*** Begin section ***
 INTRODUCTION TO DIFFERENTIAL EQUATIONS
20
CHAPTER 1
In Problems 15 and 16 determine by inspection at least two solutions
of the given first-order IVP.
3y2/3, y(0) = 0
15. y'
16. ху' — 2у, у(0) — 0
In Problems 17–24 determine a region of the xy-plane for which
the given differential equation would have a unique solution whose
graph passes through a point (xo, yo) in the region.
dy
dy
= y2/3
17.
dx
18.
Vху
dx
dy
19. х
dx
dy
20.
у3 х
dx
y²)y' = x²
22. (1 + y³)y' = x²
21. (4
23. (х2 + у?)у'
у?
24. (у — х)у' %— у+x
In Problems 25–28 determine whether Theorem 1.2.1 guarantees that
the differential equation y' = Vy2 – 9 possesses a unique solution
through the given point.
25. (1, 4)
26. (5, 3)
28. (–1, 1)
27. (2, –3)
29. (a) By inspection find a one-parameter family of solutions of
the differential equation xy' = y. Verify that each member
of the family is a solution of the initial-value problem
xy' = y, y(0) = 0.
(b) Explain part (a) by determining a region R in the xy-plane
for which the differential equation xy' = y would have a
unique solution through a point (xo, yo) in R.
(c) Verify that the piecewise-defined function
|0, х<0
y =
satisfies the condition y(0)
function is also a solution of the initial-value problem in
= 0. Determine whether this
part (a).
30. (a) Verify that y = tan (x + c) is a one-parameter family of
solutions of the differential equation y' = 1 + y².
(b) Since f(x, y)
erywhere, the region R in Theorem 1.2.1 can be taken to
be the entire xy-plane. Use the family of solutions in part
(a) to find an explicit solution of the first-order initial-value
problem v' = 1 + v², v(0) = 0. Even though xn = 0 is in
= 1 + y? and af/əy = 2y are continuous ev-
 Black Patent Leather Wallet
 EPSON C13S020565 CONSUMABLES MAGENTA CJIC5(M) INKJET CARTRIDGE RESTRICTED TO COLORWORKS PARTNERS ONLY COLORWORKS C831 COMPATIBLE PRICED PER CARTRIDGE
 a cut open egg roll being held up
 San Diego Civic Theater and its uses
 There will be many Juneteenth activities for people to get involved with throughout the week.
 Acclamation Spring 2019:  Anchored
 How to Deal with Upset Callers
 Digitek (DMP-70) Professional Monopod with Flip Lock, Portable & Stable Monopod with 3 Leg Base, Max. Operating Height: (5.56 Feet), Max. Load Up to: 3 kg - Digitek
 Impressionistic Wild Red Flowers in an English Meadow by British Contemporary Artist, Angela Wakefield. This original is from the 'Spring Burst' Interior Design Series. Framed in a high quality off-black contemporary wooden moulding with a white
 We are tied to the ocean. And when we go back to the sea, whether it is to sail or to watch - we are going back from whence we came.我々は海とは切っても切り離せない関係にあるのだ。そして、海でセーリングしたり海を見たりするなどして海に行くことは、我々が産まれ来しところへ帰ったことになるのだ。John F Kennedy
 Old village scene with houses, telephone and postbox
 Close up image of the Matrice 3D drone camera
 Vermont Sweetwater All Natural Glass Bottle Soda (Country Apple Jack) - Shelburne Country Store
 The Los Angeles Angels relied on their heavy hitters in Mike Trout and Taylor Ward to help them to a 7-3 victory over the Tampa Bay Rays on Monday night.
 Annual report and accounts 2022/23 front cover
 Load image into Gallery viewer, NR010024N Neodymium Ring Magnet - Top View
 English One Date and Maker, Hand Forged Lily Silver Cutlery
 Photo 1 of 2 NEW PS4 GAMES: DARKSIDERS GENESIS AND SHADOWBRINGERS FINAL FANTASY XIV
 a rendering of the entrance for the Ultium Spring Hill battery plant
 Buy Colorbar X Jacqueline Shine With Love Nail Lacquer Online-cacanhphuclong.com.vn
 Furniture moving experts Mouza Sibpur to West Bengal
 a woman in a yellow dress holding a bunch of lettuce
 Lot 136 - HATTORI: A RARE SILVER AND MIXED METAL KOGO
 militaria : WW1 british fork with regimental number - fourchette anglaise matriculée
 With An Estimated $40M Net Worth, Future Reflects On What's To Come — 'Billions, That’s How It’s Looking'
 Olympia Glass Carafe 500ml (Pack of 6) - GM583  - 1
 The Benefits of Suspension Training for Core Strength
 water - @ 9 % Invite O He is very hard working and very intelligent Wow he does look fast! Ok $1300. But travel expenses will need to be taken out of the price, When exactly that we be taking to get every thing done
*** End section ***
**WHAT THE TASK REQUIRES:** Whenever the string "image" shows up in a line above, copy that line.

**RESPONSE:**
 Close up image of the Matrice 3D drone camera
 Load image into Gallery viewer, NR010024N Neodymium Ring Magnet - Top View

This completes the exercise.